■ **AVAILABLE DATA**:
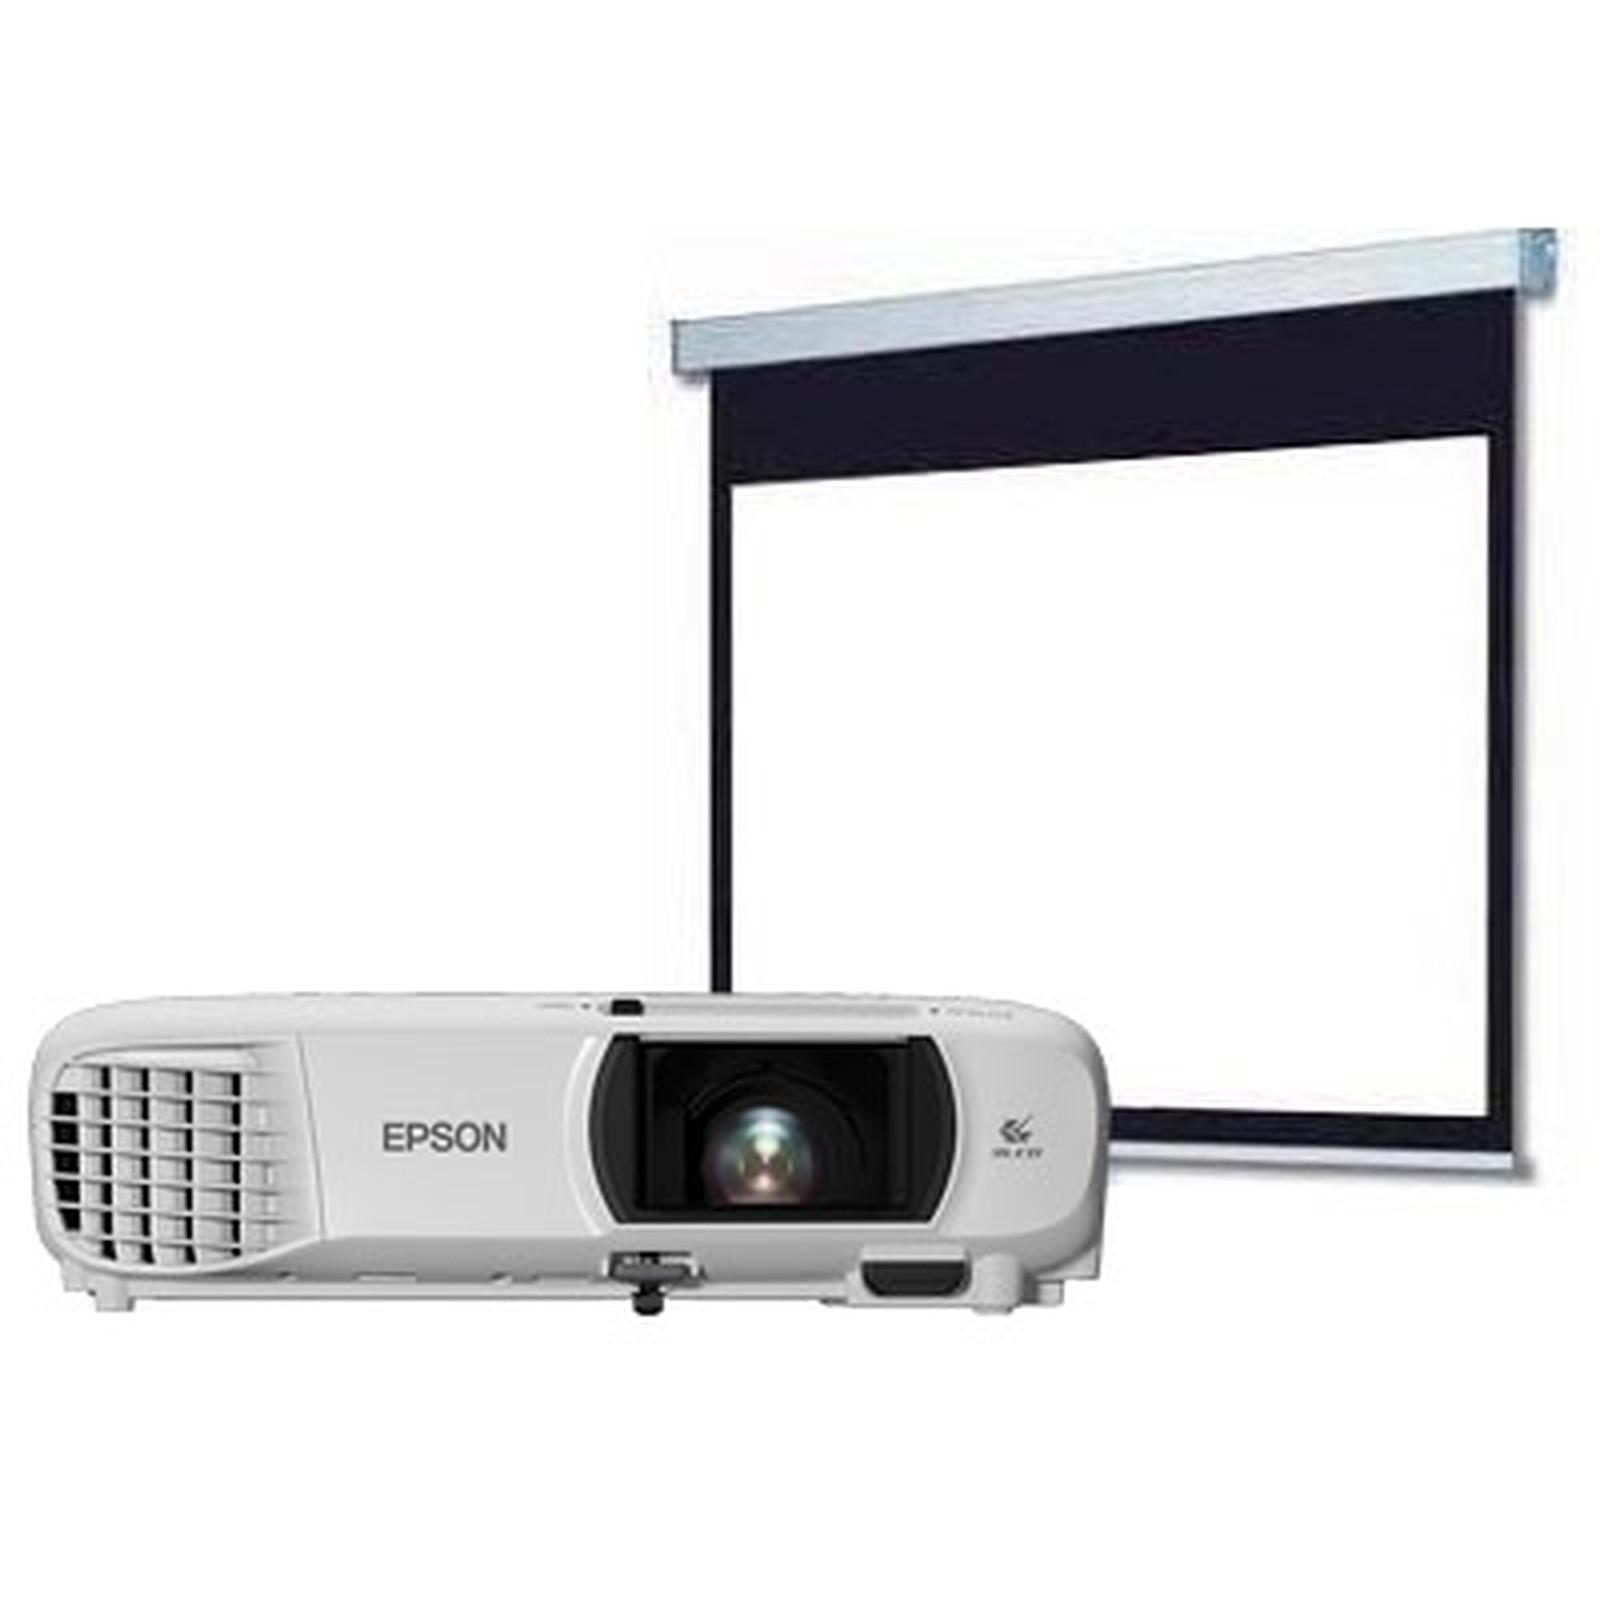 Epson EH-TW650 + LDLC Ecran Manuel - Format 16:9 - 200 x 113 cm
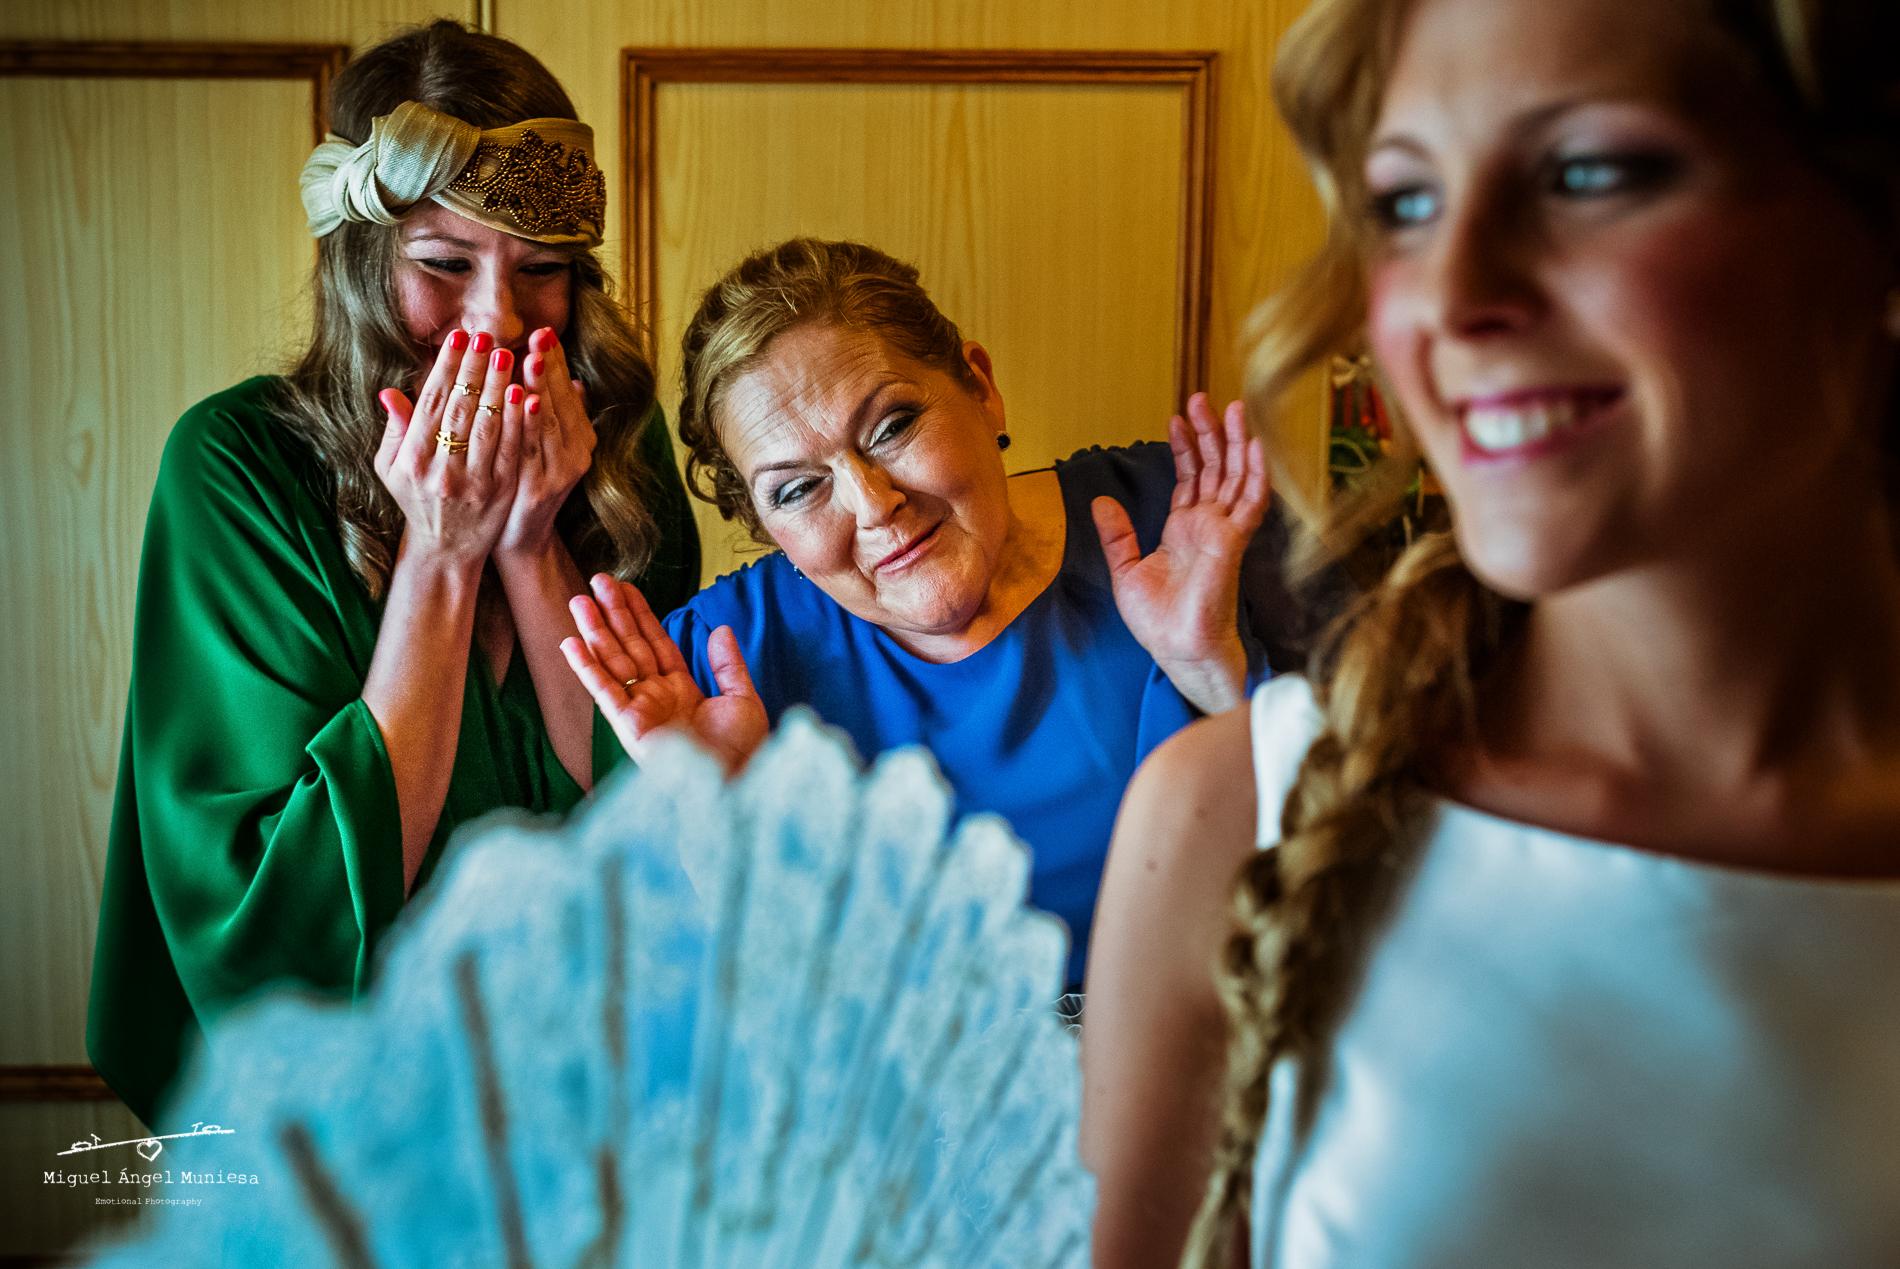 boda, fotografia de boda, boda zaragoza, fotografia, wedding, wedding photography, miguel angel muniesa, fotografo boda Zaragoza, fotografo boda, destination wedding_ 011
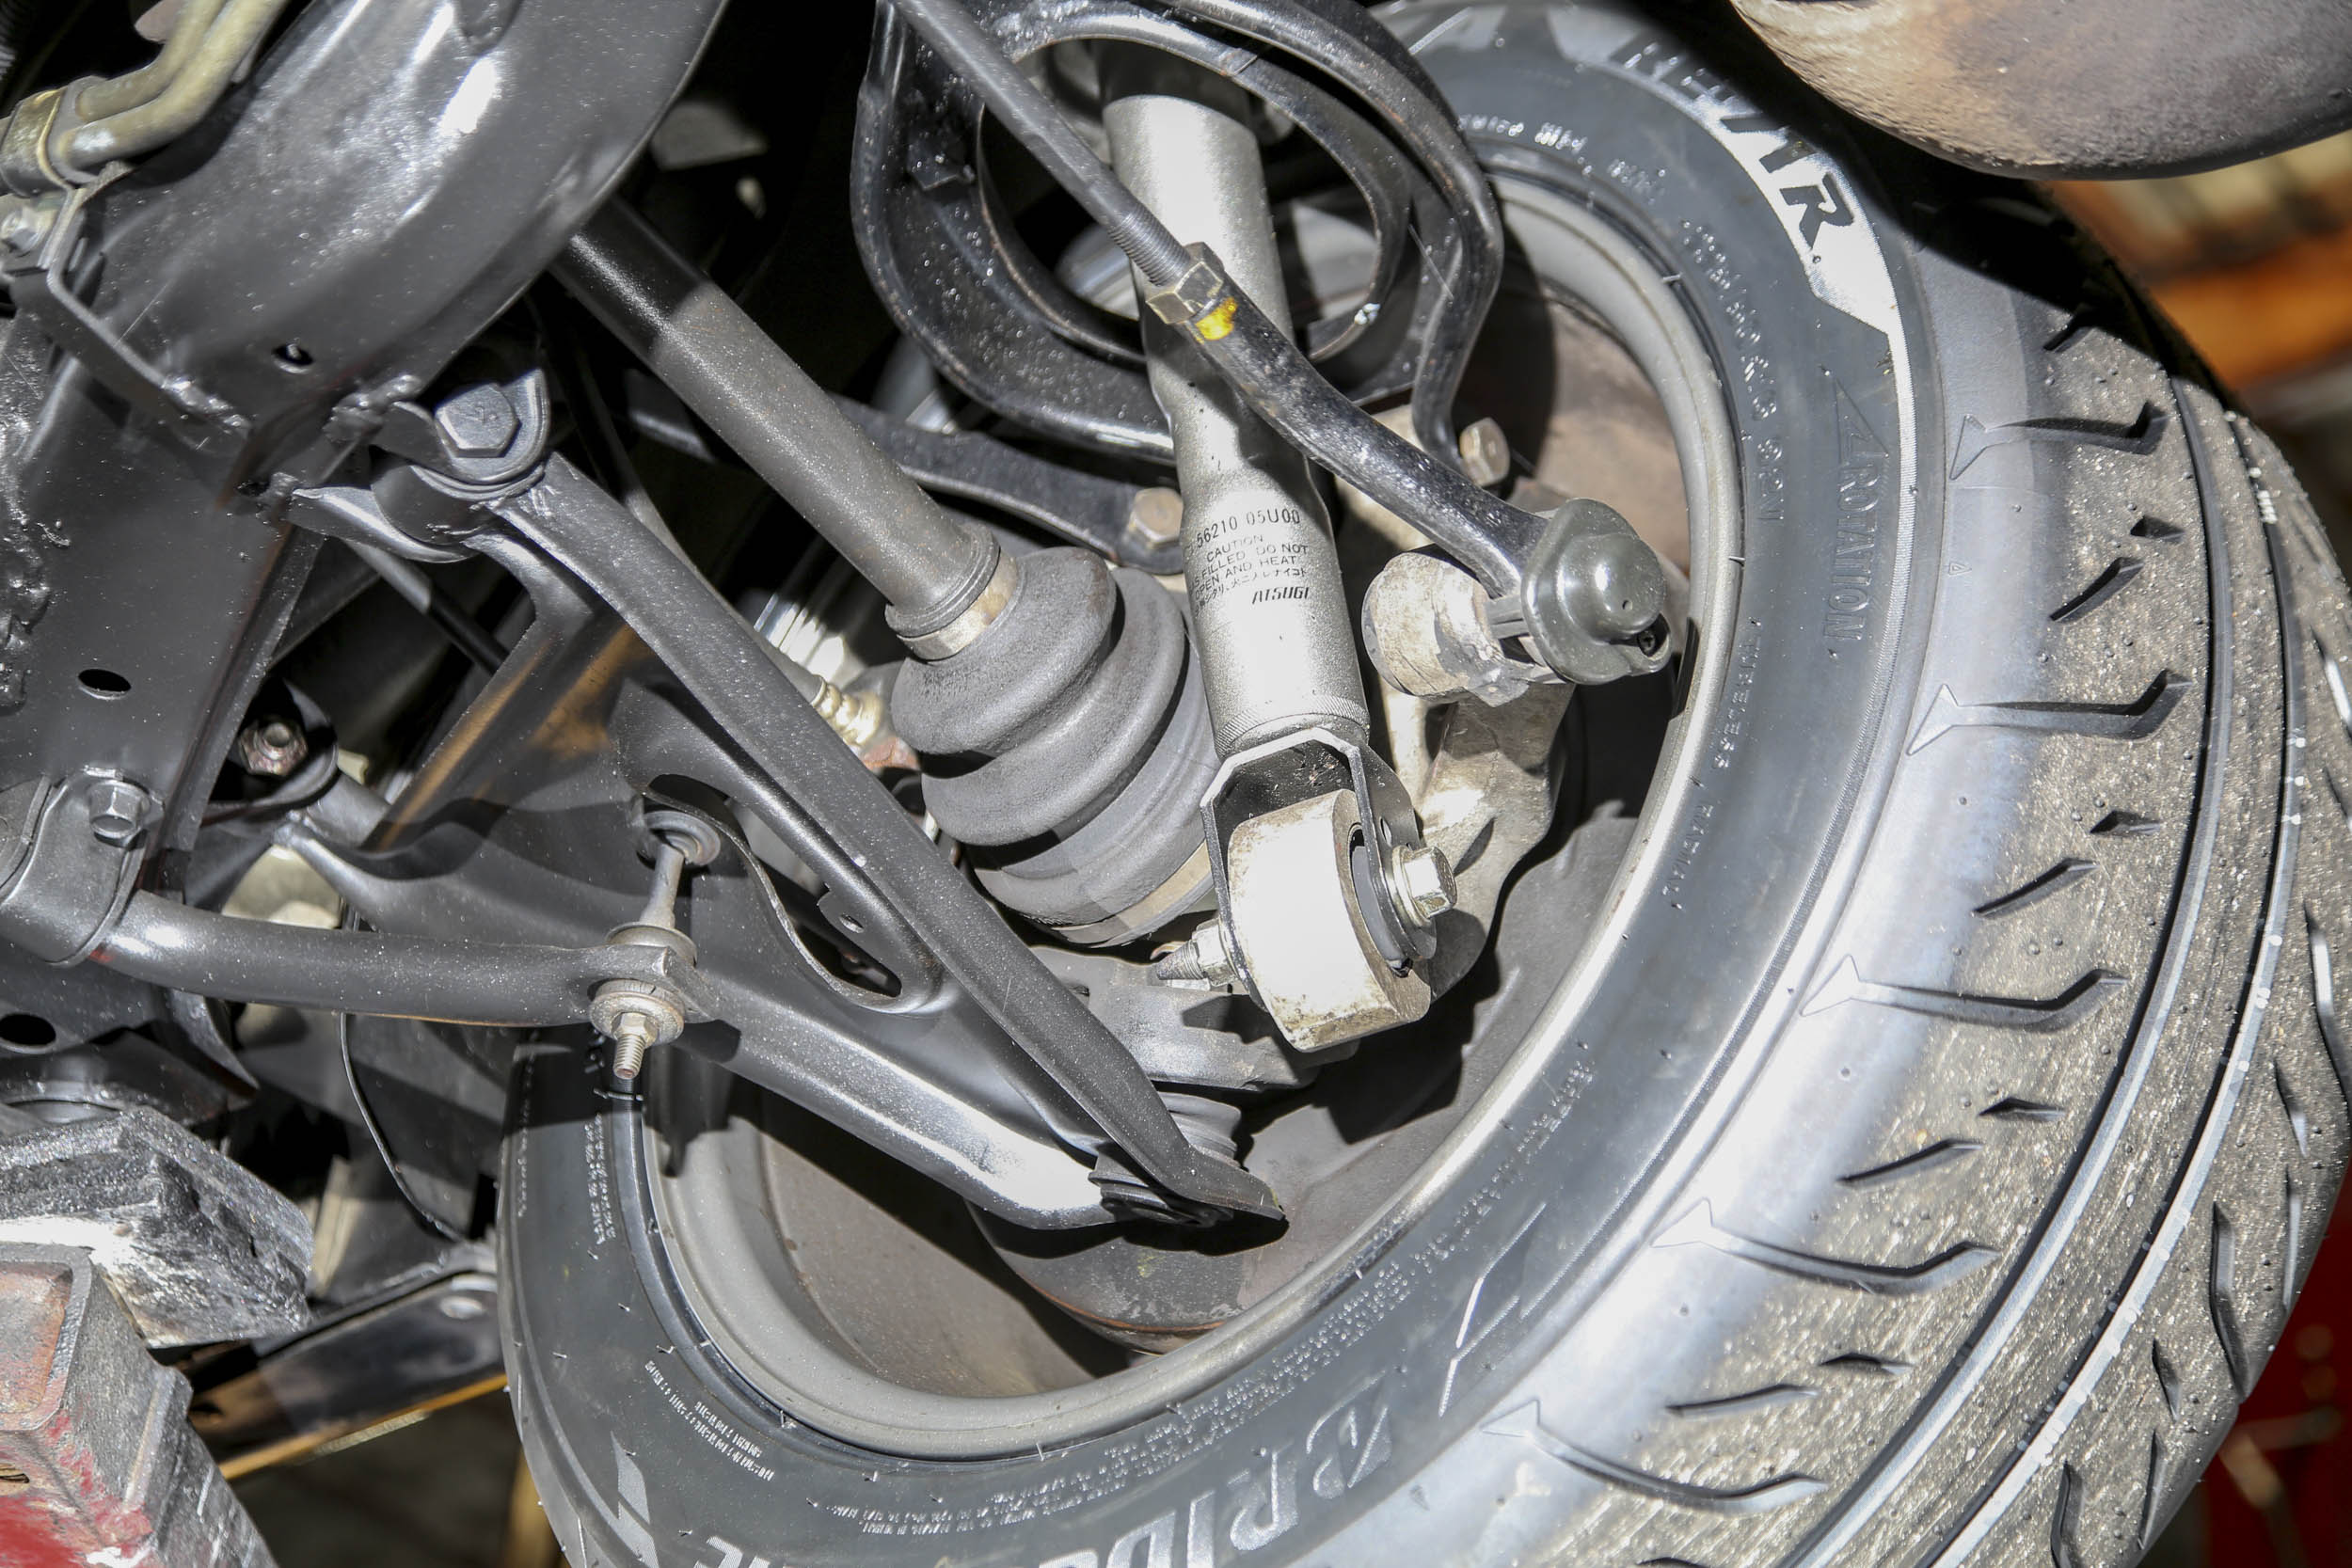 Nissan R32 GT-R rear suspension

■ **WORK ORDER**: Down to the last line, reproduce the material above exactly; skip its images.

■ **RESULT**:
 Epson EH-TW650 + LDLC Ecran Manuel - Format 16:9 - 200 x 113 cm
 boda, fotografia de boda, boda zaragoza, fotografia, wedding, wedding photography, miguel angel muniesa, fotografo boda Zaragoza, fotografo boda, destination wedding_ 011
 Nissan R32 GT-R rear suspension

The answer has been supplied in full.